Jesse Shuman, Associate Editor at Ballantine Books (Issue Eighty-two)


  1. “Any experience is good experience, it doesn’t just have to be in publishing!” Katie Holland, Marketing Assistant at Oxford University Press (Issue Forty-one)


  1. “The best lesson I learned was to not dismiss advice from ANYONE. Every person is an asset and an invaluable resource; from career consultants to marketing execs who volunteer to run local literature festivals and even your friends.”

Jennifer Shelton, Contracts Assistant at Faber and Faber (Issue Sixty-four)


  1. “I’d always advise people to embrace and pursue their interests, and not conform to what they believe the industry wants from them – liking books needn’t constitute the entirety of your personality.”

Oscar Janson-Smith, Agent at Gleam Features (Issue Fifty-four)


  1. “If you’re applying for an agency position then you should definitely know who their biggest clients are, the books they’ve published recently, and something about the specific agent the position is with.”

Liza DeBlock, Foreign Rights Executive at Mushens Entertainment (Issue Eighteen)
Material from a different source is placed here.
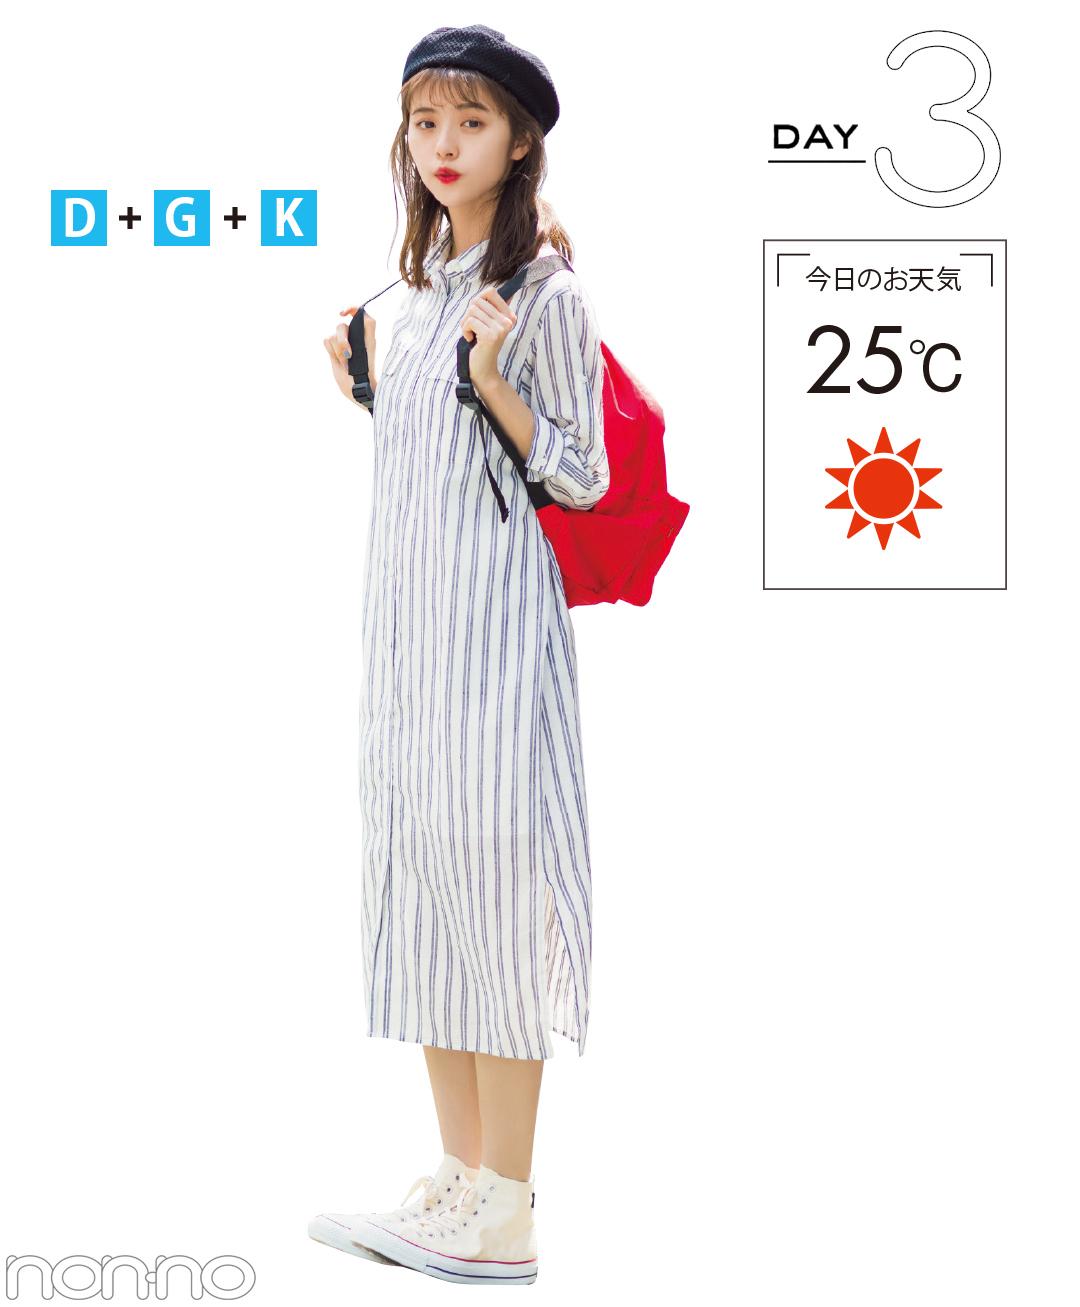 気温差にも梅雨にも負けない! 6月のお天気対応☆快適着回し10days【前半】_1_4-3

  1. “For an entry-level job, you’re not always going to be doing the most glamorous things – what’s attractive to me is when someone knows this and is happy to muck in and integrate into the team with a can-do attitude.”

Holly Harley, Commissioning Editor at Piaktus Non-Fiction (Issue Three)


  1. “You don’t have to wait for the perfect role. Many roles in publishing require transferable skills, so don’t be afraid to consider stepping outwards as it can become a huge step forwards!”

Jemma North, Junior Editor at Sweet Cherry Publishing (Issue Ninety-six)


We know that following these tips can be tricky and frustrating at times but wherever you are in the application process – just starting out, or at application number 500, interview number zero – don’t get discouraged, you’ll get there in the end!


Good luck with your applications! We look forward to eventually interviewing you for your unique advice one day when you make it in the industry, too.